New website shows options for disposing hazardous waste

Got a few worn-out tires in your garage? An old television set you aren’t using? A box of spent compact fluorescent light bulbs?

A new website provides links to Spokane-area vendors that accept hazardous waste. With a few clicks of a mouse, local residents can find multiple locations that will take their old tires and electronics. Compact fluorescent bulbs, meanwhile, can be recycled for free at Home Depot, Lowe’s and other locations.

Spokanewastedirectory.org was developed with a $51,000 grant from the Washington Department of Ecology. The goal is to keep hazardous waste out of the Spokane River and the Spokane Valley-Rathdrum Prairie Aquifer, said Tonilee Hanson, a waste consultant for the Ecology Department.

A single broken compact fluorescent bulb can release enough mercury to pollute 7,000 gallons of water, Hanson said. Both tires and electronics contain heavy metals that can be released into the environment.

In some areas of Spokane Valley, the aquifer starts a few dozen feet below the ground’s surface. Pollutants travel quickly through the rocky soil, reaching the aquifer and the Spokane River.

“We have a very unique aquifer that provides drinking water for the region, and a very beautiful river, and they interchange,” Hanson said. “I’ve personally picked up a computer monitor from the river bank. It was smashed – all of those metals were exposed to the water.”

The interactive database includes 115 different hazardous wastes and more than 50 locations that accept them. A still-developing part of the website will list each product’s environmental risks and less toxic alternatives.

Disposal sites for both commercial and residential waste are included, but Hanson thinks that getting residents onboard has the biggest potential payoff for the region’s water quality.

“Businesses, for the most part, have somebody looking over their shoulder,” she said. “It’s the residential part that’s unregulated.”

With 600,000 people living above the aquifer, careless disposal of even small amounts of hazardous waste adds up, Hanson said. By making it easy to find drop-off and mail-in locations, the directory aims to change people’s behavior. Phone numbers and maps are included for vendors in Spokane, Stevens and Lincoln counties. Disposal fees are required for some products.

The directory was created with cooperation from nine different city, county and state agencies and nonprofits.

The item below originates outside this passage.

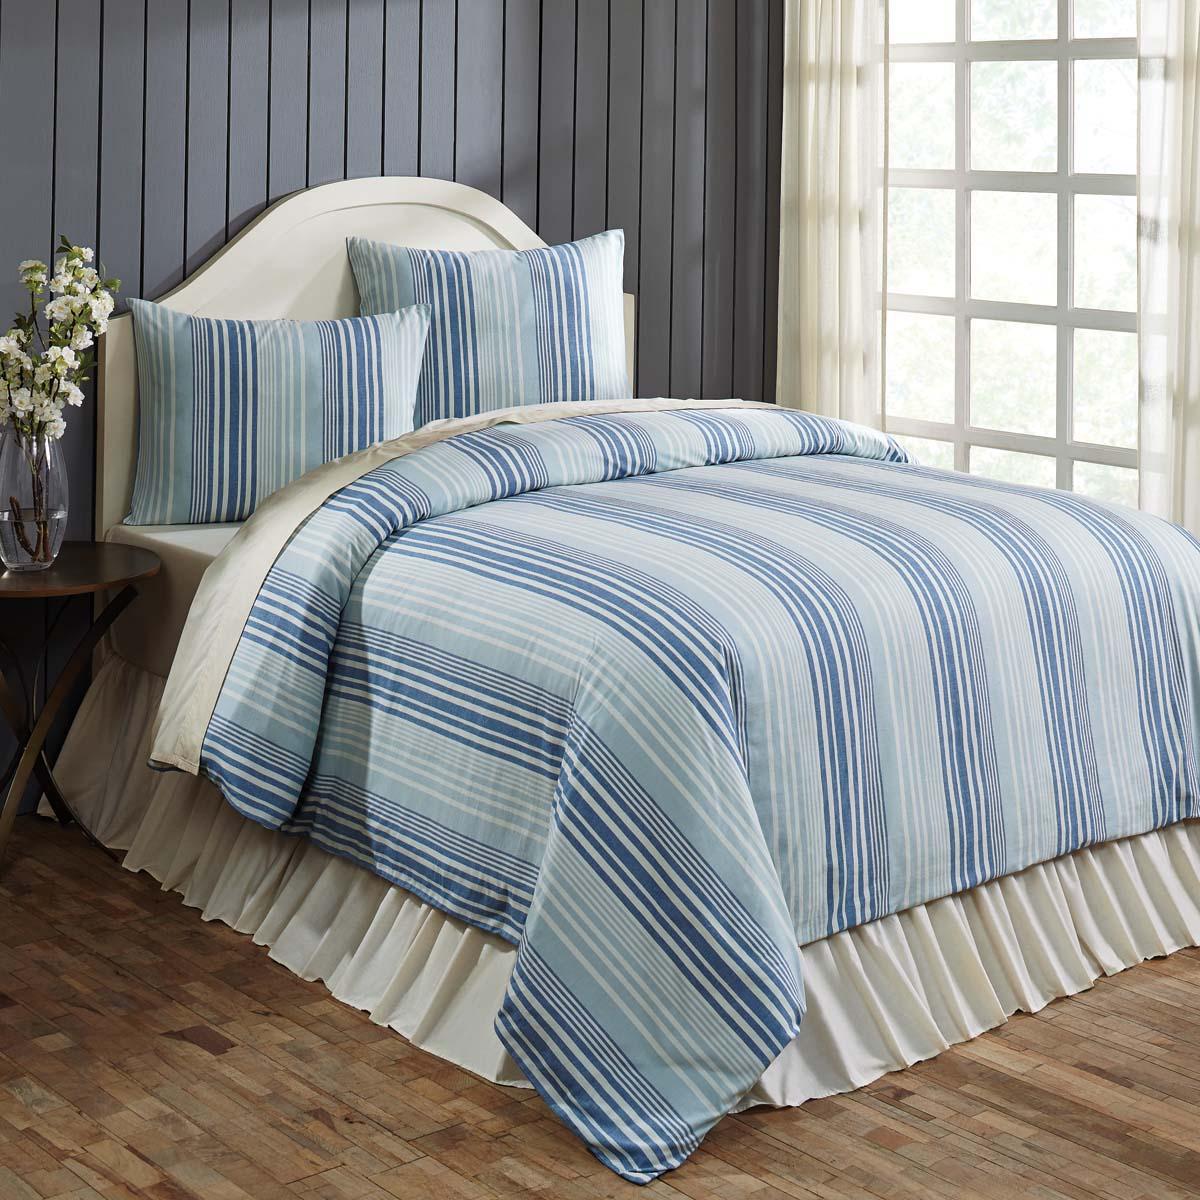 Blue Farmhouse Bedding Coastal Two Tone Stripe Cotton Tie Back S Striped Queen Duvet Cover Walmart Com Walmart Com
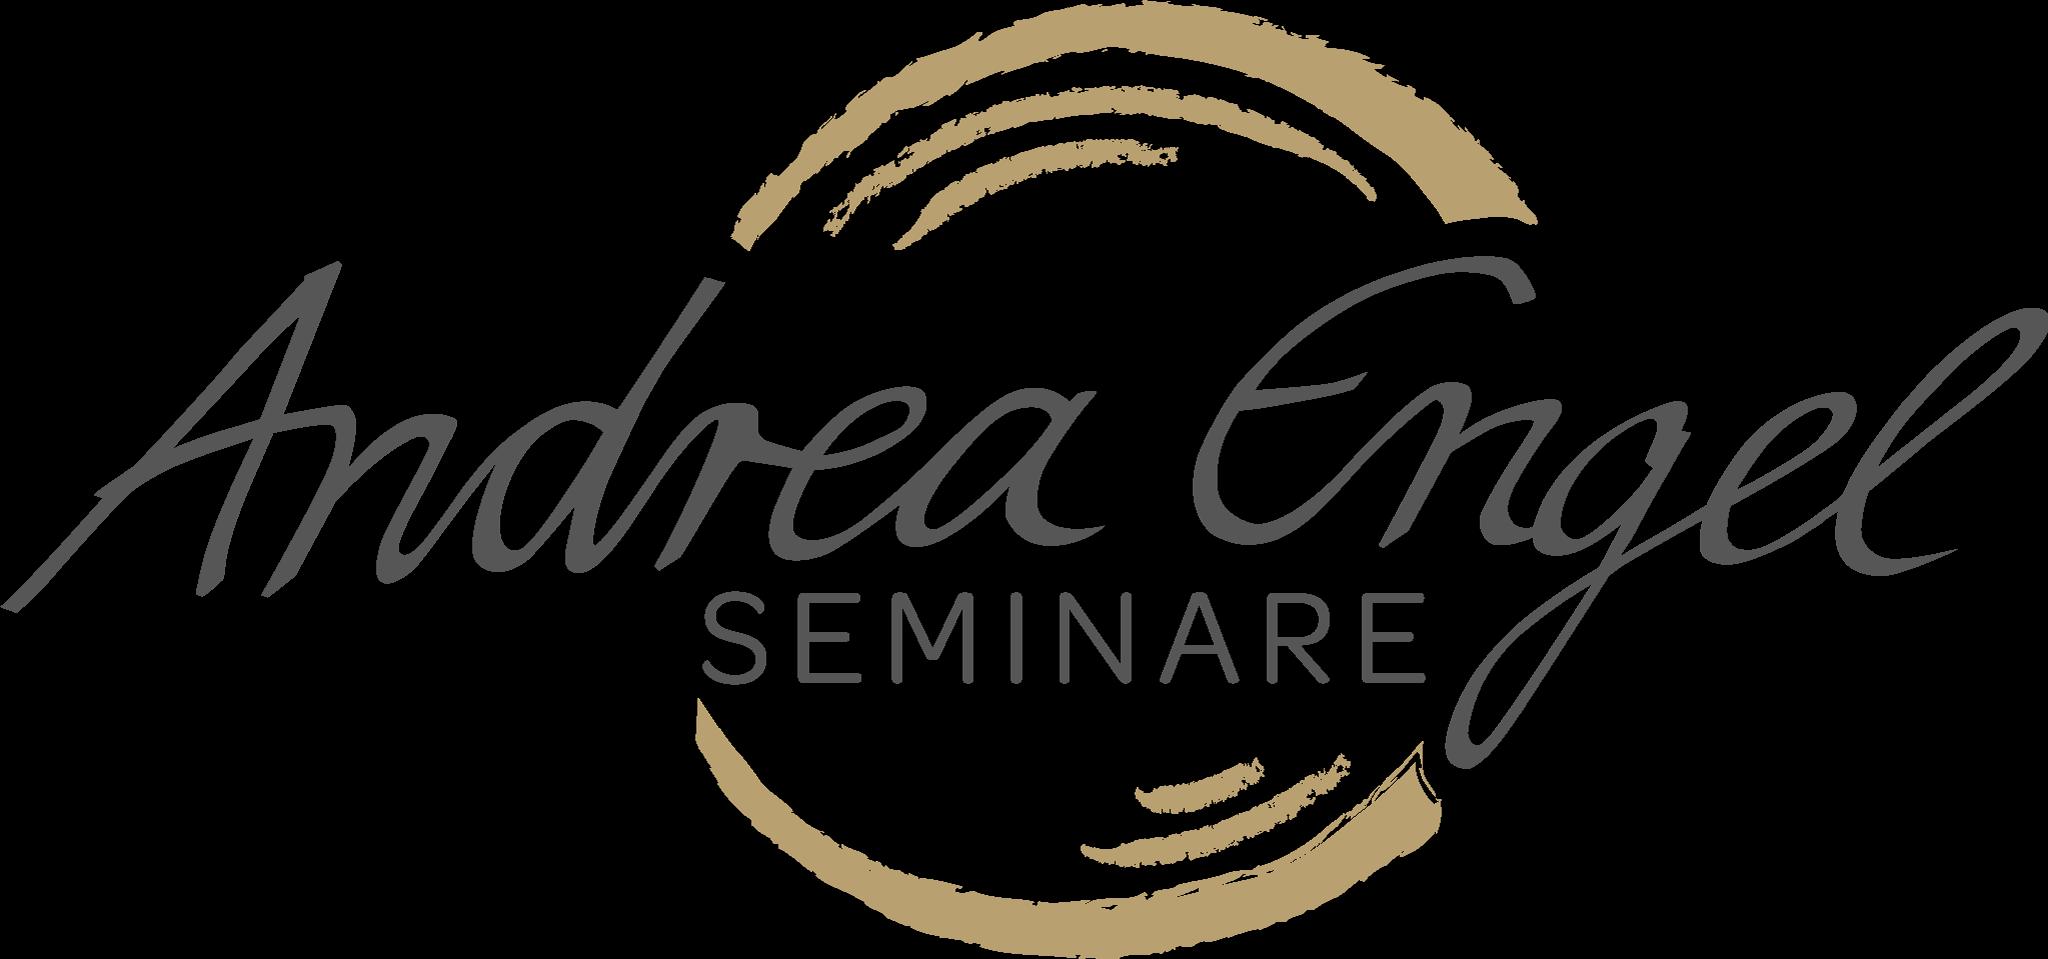 Andrea Engel Seminare

“This will help us out a lot,” said Mike LaScuola, environmental health specialist for the Spokane Regional Health District, which was one of the collaborators. “The more we keep waste disposal in the forefront, the less cleanup is needed at the end of dead-end roads.”

His agency fields frequent calls about improper hazardous waste disposal. Each fall, the district is contacted by people concerned about their neighbors draining chemically treated water from swimming pools into alleys, for example.

Automotive fluids is another common area of abuse, with hobby mechanics spreading used motor oil on driveways for dust control or pouring fluids into the weeds behind their shop.

“People see roads being oiled, and they think their waste oil can be disposed of in a similar manner,” LaScuola said. Professional dust control application requires a permit and a less toxic form of oil.

“For the most part, these are areas that are very confusing to the public when they don’t have direction,” he said. “They need to know the proper way to take care of things.”